Terörün nasıl sonlandırılacağı artık bir bilinmeyen değil, tam aksine herkesin bildiği bir olgudur.
Öncelikle hem iktidarın ve hem de ana muhalefet partisinin kabul edip içlerine sindirmeleri gereken husus, TERÖRLE MÜZAKERE DEĞİL MÜCADELE EDİLECEĞİ gerçeğidir.
Katillerin ağzıyla konuşarak, yok akil adamlar komisyonu, yok mecliste kurulacak uzlaşı komisyonu gibi Türkiye gerçekleri ile bağdaşmayan söylemlerden vazgeçmek gerekir.
Çünkü bu ve benzeri sözler terör örgütünün iştahını kabartır. Vurdukça, kan döktükçe istediğimi alıyorum der.
Nedir bugüne kadar terör örgütünün istedikleri, ana dilde eğitim, Türk Milleti Kavramının anayasadan çıkartılması, Af ve otuz bin kişinin katiline Mandela modeli uygulanarak önce ev hapsi, sonra siyasetin yolunu açmak ve demokratik özerklik.
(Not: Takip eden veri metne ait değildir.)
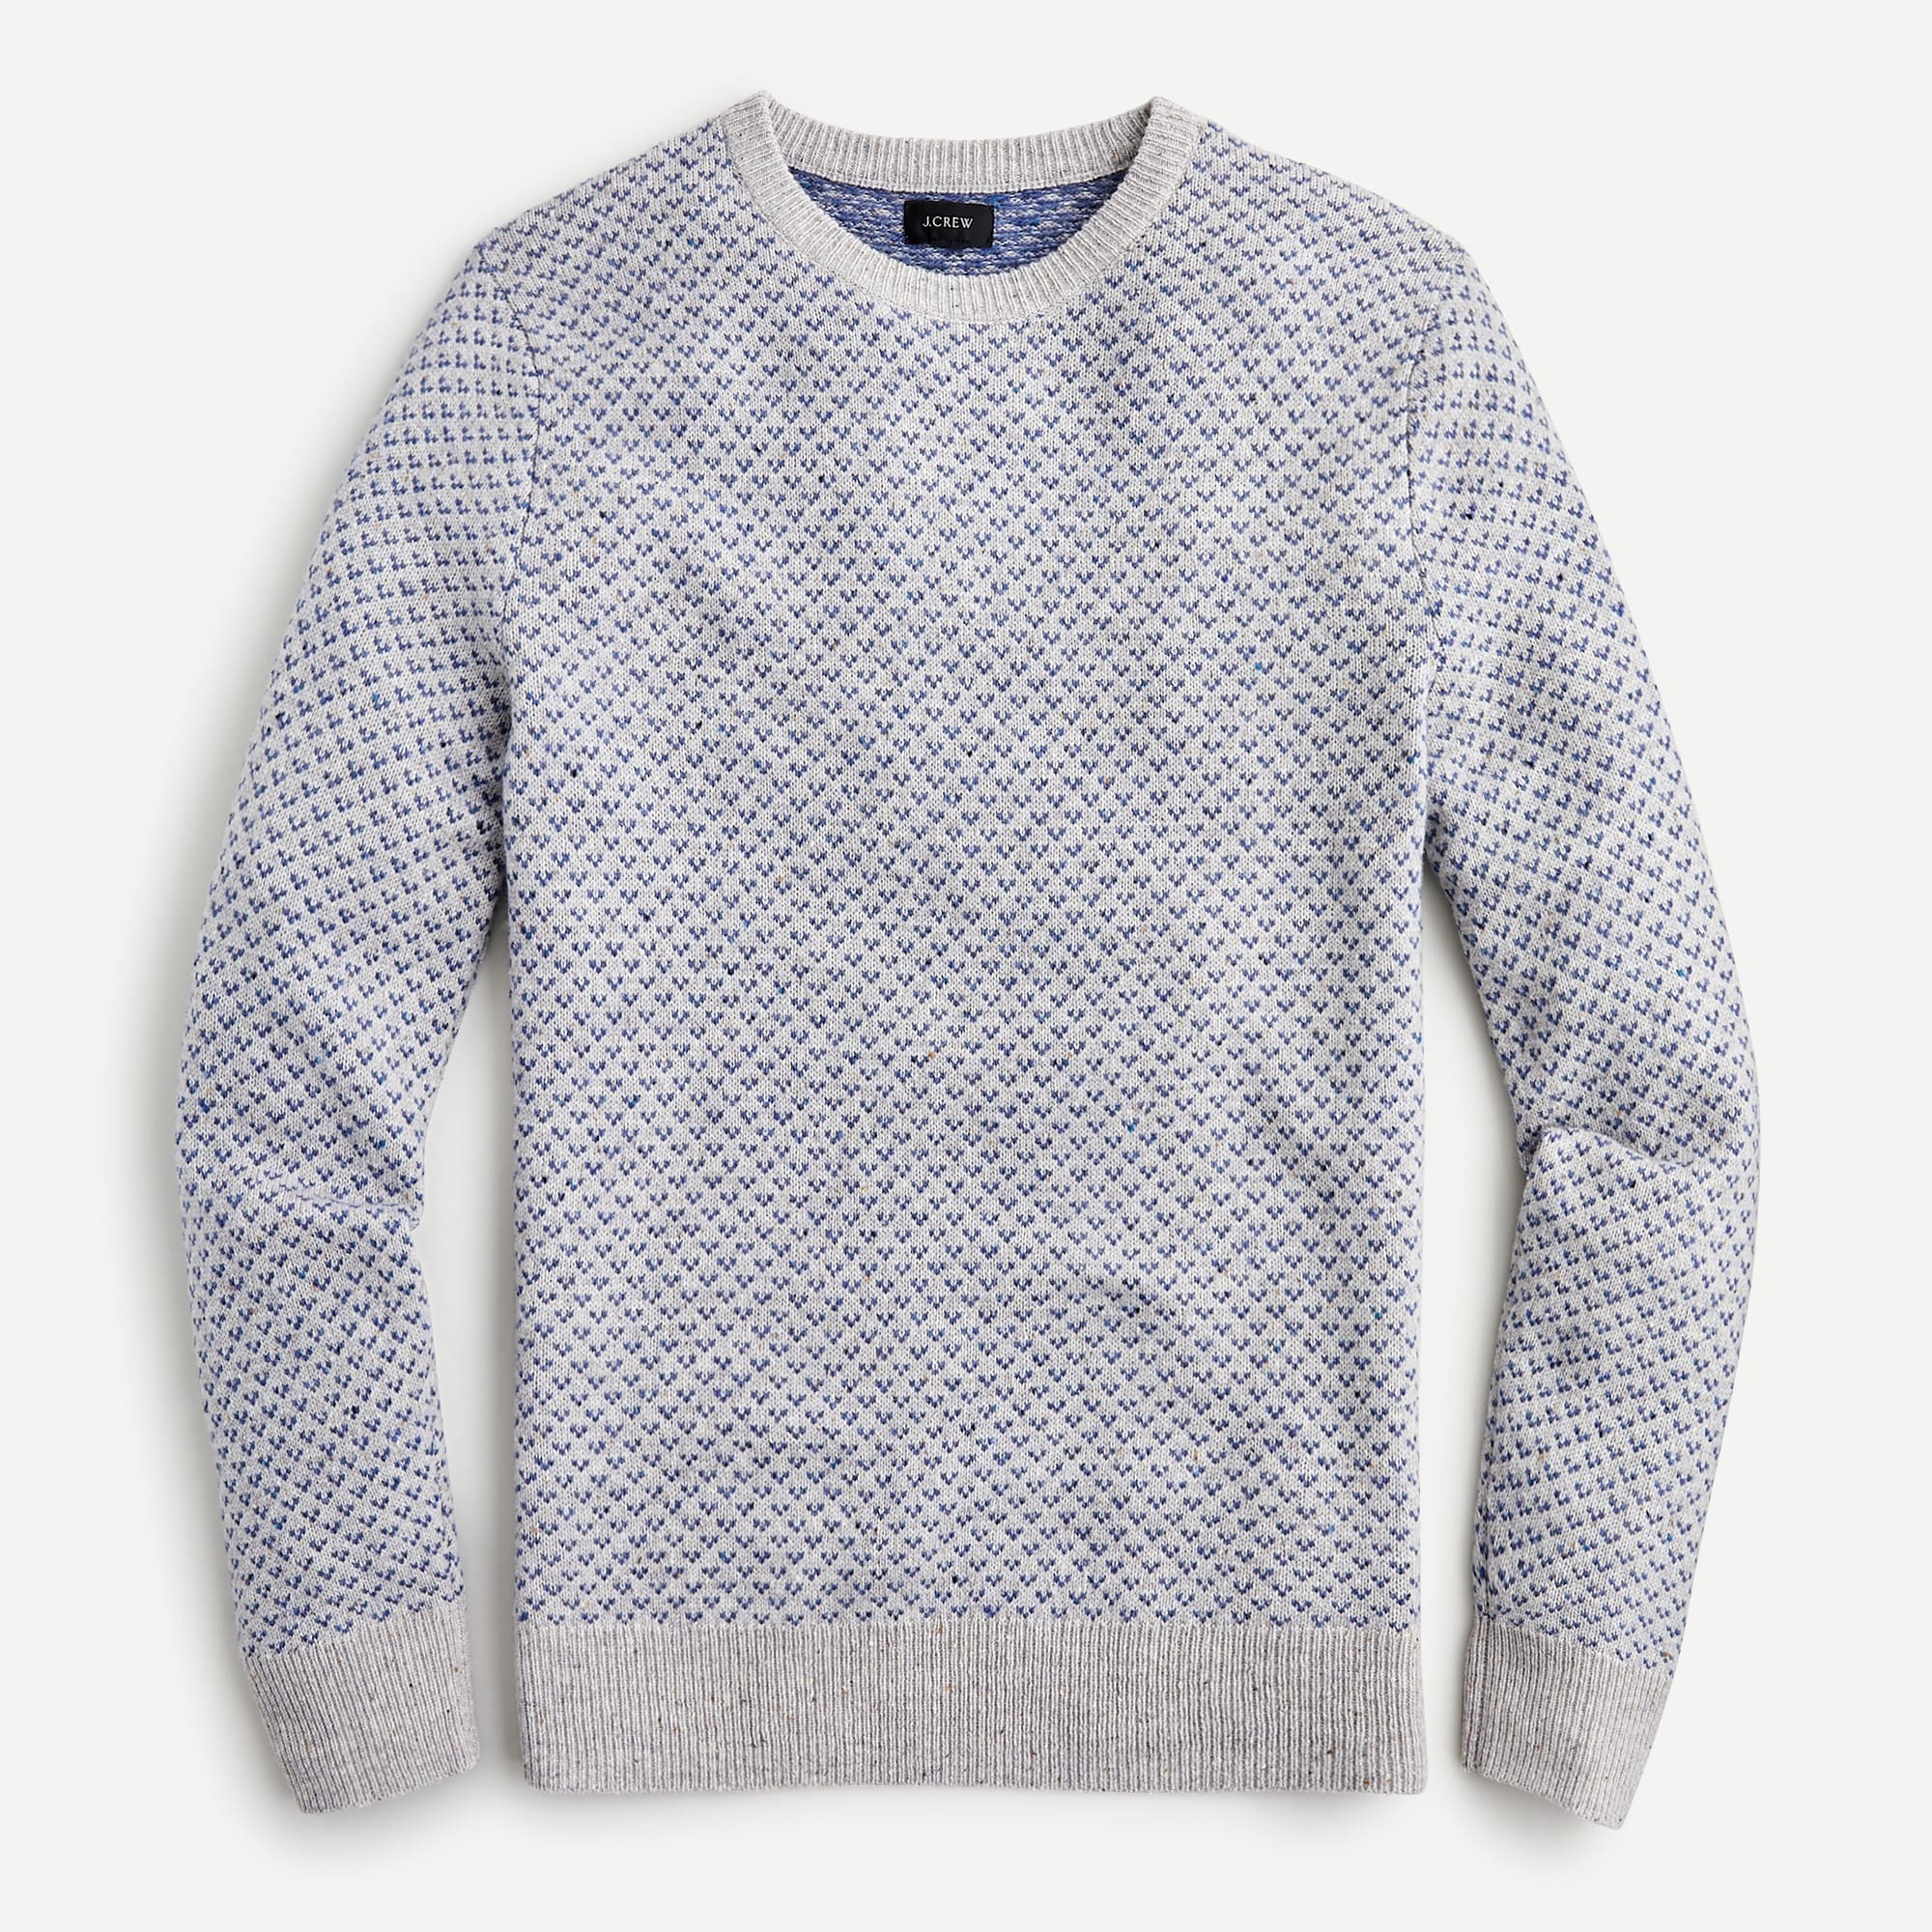 J.Crew: Rugged Merino Wool Donegal Bird's-eye Sweater For Men

Oslo görüşmeleri sırasında anlaşılıyor ki, İktidar tarafından terör örgütüne bu konuların Anayasa değişikliği ile yapılacağı garantisi verilmiş.
Ana muhalefet Partisinin Oslo görüşmelerine sadece gizli yapıldığı için karşı çıktığı, içeriğine itirazı olmadığı, tam aksine  ana dilde eğitim, Türk Milleti Kavramının anayasadan çıkartılması, af, demokratik özerklik konularında destek vermesiyle ortaya çıkmaktadır.
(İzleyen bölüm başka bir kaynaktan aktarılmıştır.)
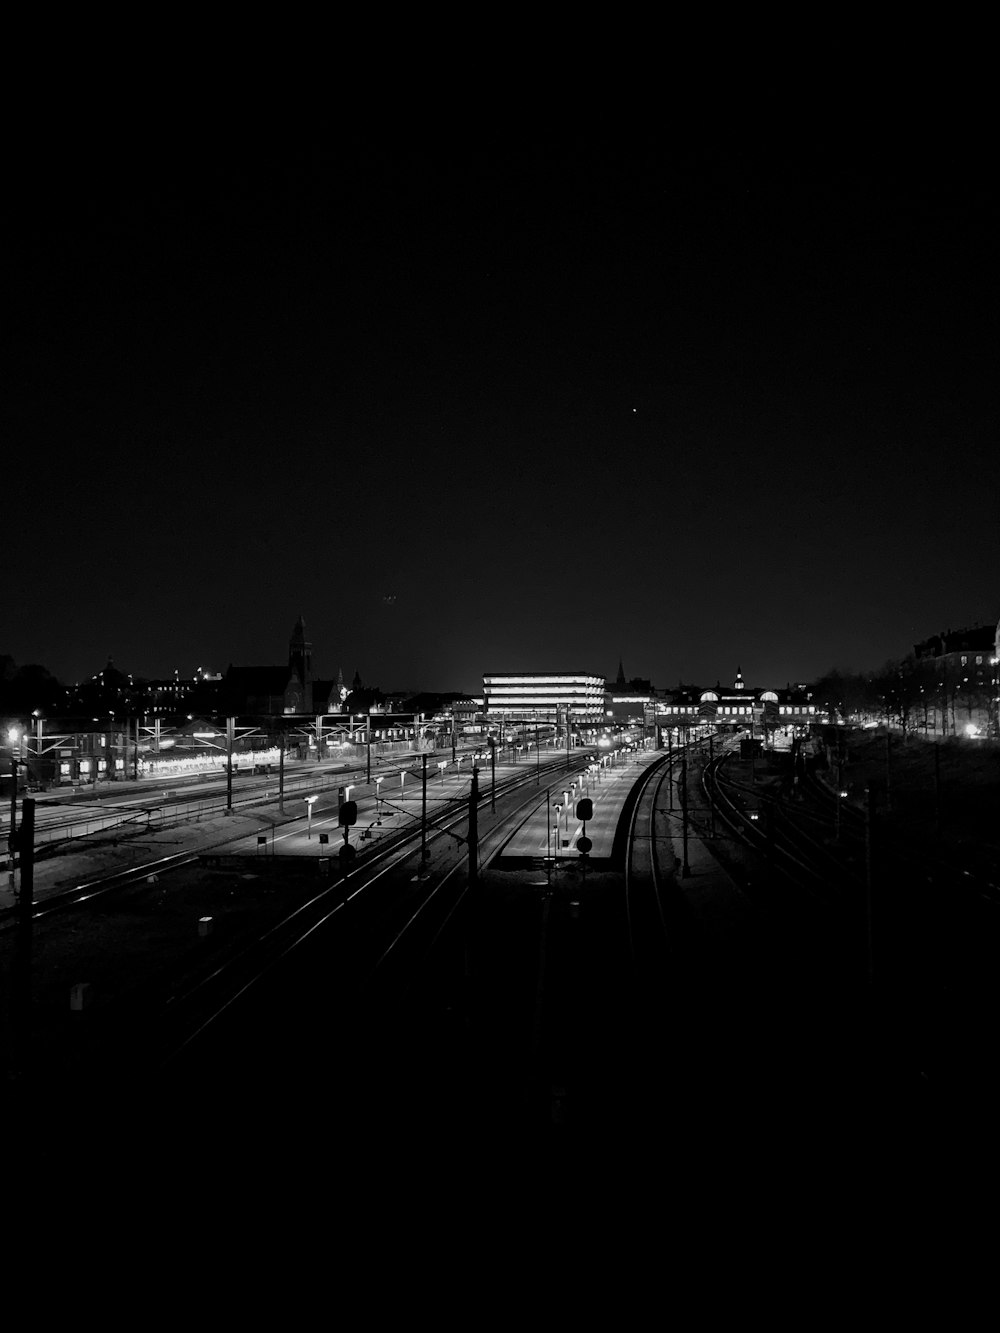 a city landscape at night

Ana muhalefet partisinin gerek Van Çalış tay’ında aldığı kararlar gerekse parti sözcülerinin çeşitli açıklamaları, terör örgütünün İktidarca da kabul gören bu taleplerine, evet dediğini açıkça ortaya koymuştur.
Bu nedenledir ki, hukuken hiçbir bağlayıcılığı olmayan Anayasa Uzlaşı Komisyonu’ndan tabanın isteğine rağmen çekilmeyeceğini ilan etmiştir.
Oslo görüşmeleri ile Anayasa çalışmaları aynı istek ve yönlendirmenin iz düşümleridir.
Ana dilde eğitim, Türk ve Türk Milleti kavramlarının anayasadan çıkartılması, demokratik özerkliğin hayata geçirilebilmesi, Anayasa değişikliği gerektirir. İşte bu nedenledir ki,  CHP ve MHP bu komisyondan çekilmelidirler.
Bu Anayasa Komisyonu çalışmalarına devam etmek, Oslo görüşmelerine ve orada alınan kararlara destek vermek demektir.
Oslo görüşmeleri bir noktadan da çok önemlidir. Bu önemli nokta, halktan gizli olarak sürdürülen bu görüşmelerin, genç Cumhuriyetin kuruluş aşaması ve kurulduktan sonra bu ülkenin doğu ve güneydoğusunda çıkan bütün ayaklanmaların arkasında olan İNGİLTERE’NİN gözlemciliğinde yapılıyor olmasıdır.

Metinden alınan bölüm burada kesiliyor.